Monitoring And Managing Your Money Manager

Investment performance does not just happen; there must be a process in place to get superior results. There are nearly 15,000 mutual funds available for you to invest in. How does one decide which one is true for you? Once you select the ones that are right for you, how do your measure your success? Money mangers are people and they must be monitored and measured; they must be held responsible for their results. You do not need to pay very much for average fund performance (just invest in indexes).

Above average fund performance does not happen by accident. To get above average fund performance, you must measure and monitor. If you are not going to do that, hire someone to do it for you or stick with indexes.Once you select a manager, you must monitor them regularly. Past performance is not only no predictor of the future but, in many cases, the past performance was a result of completely different circumstances and possibly completely different people than those managing your account today. I would suggest you use the following eight factors:

1.) The mutual fund should be at least three years old. Does a team or one individual manage the fund? How long has the current team manager been running the portfolio?

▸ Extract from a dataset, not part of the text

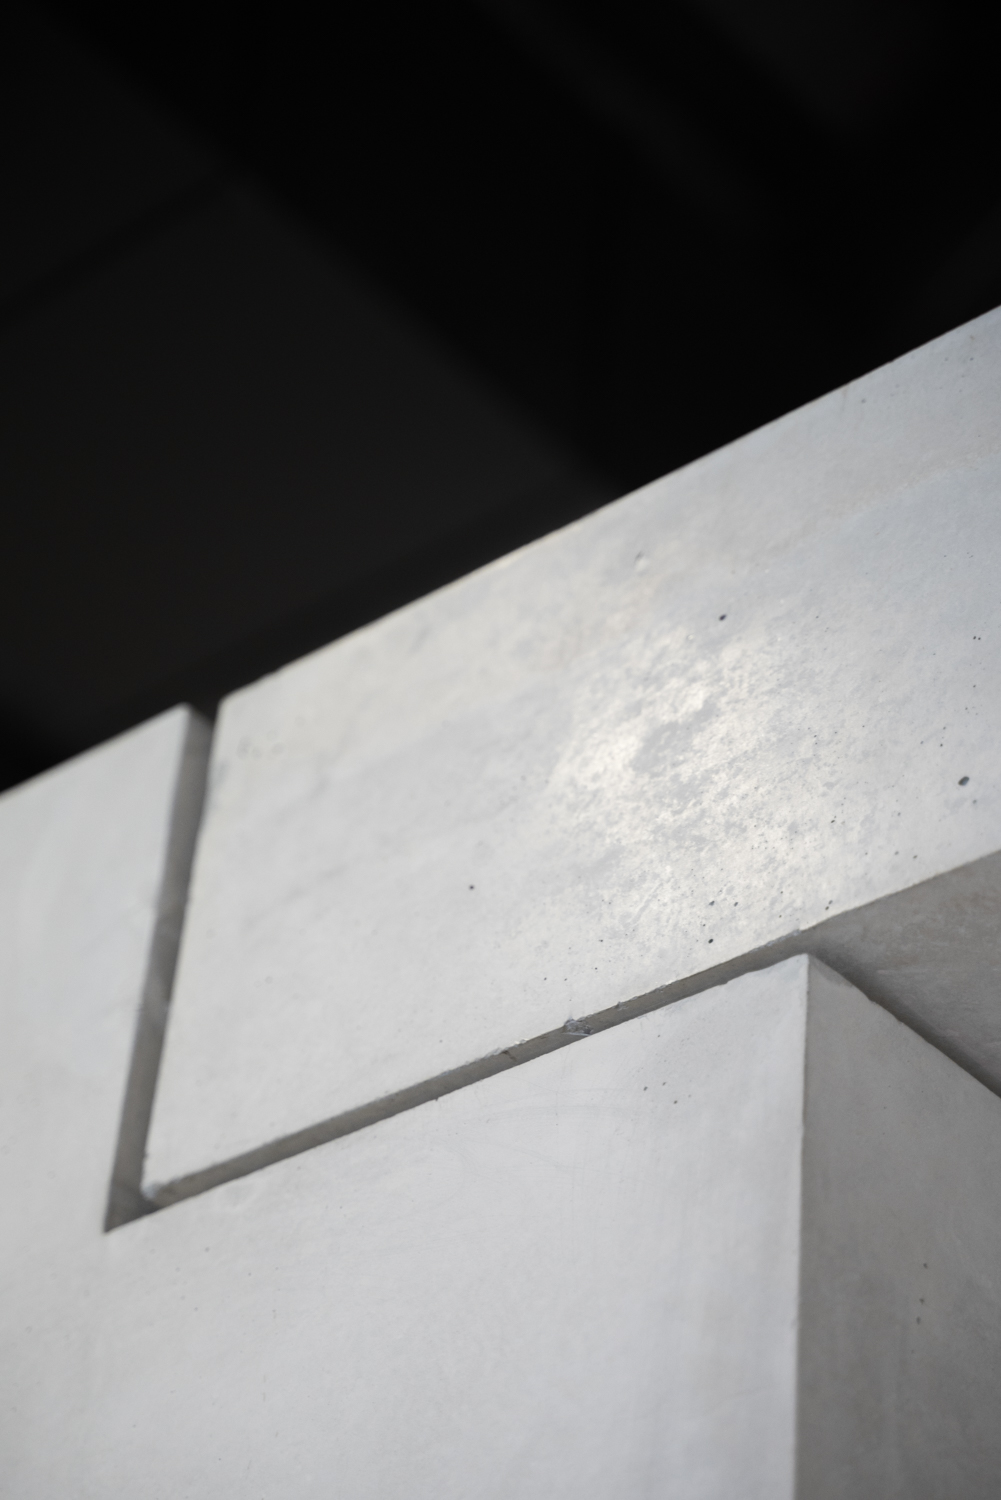 Concrete detail from Punta della Dogana

2.) The fund should have a minimum of $75 million under management

3.) The holdings must be consistent with the style. They should have no more than 20% of the portfolio invested in unrelated assets classes. For Example: A Large Cap Growth product should hold no more than 20% in cash, fixed income and/or international securities.

4.) Correlation to style or peer group: The fund should be highly correlated to the asset class of the investment option. In other words, if they are managing small company stocks, make sure that they are actually investing in small stocks.

5.) Make sure the mutual funds investment performance is relative to the risk they are taking. You can measure a funds risk by using the Alpha and Sharpe ratios.

6.) The funds performance should be evaluated against its peer group return for the 1,3 and 5 year cumulative return.

7.) The fund expense ratio and fees should not be in the bottom quartile (most expensive).

8.) There should be no perceived organizational problems and the same portfolio management team should be in place for at least two years.Following these eight steps will go a long way in helping you select and monitor a money manager for you. A great resource for this information can be found at Morningstar.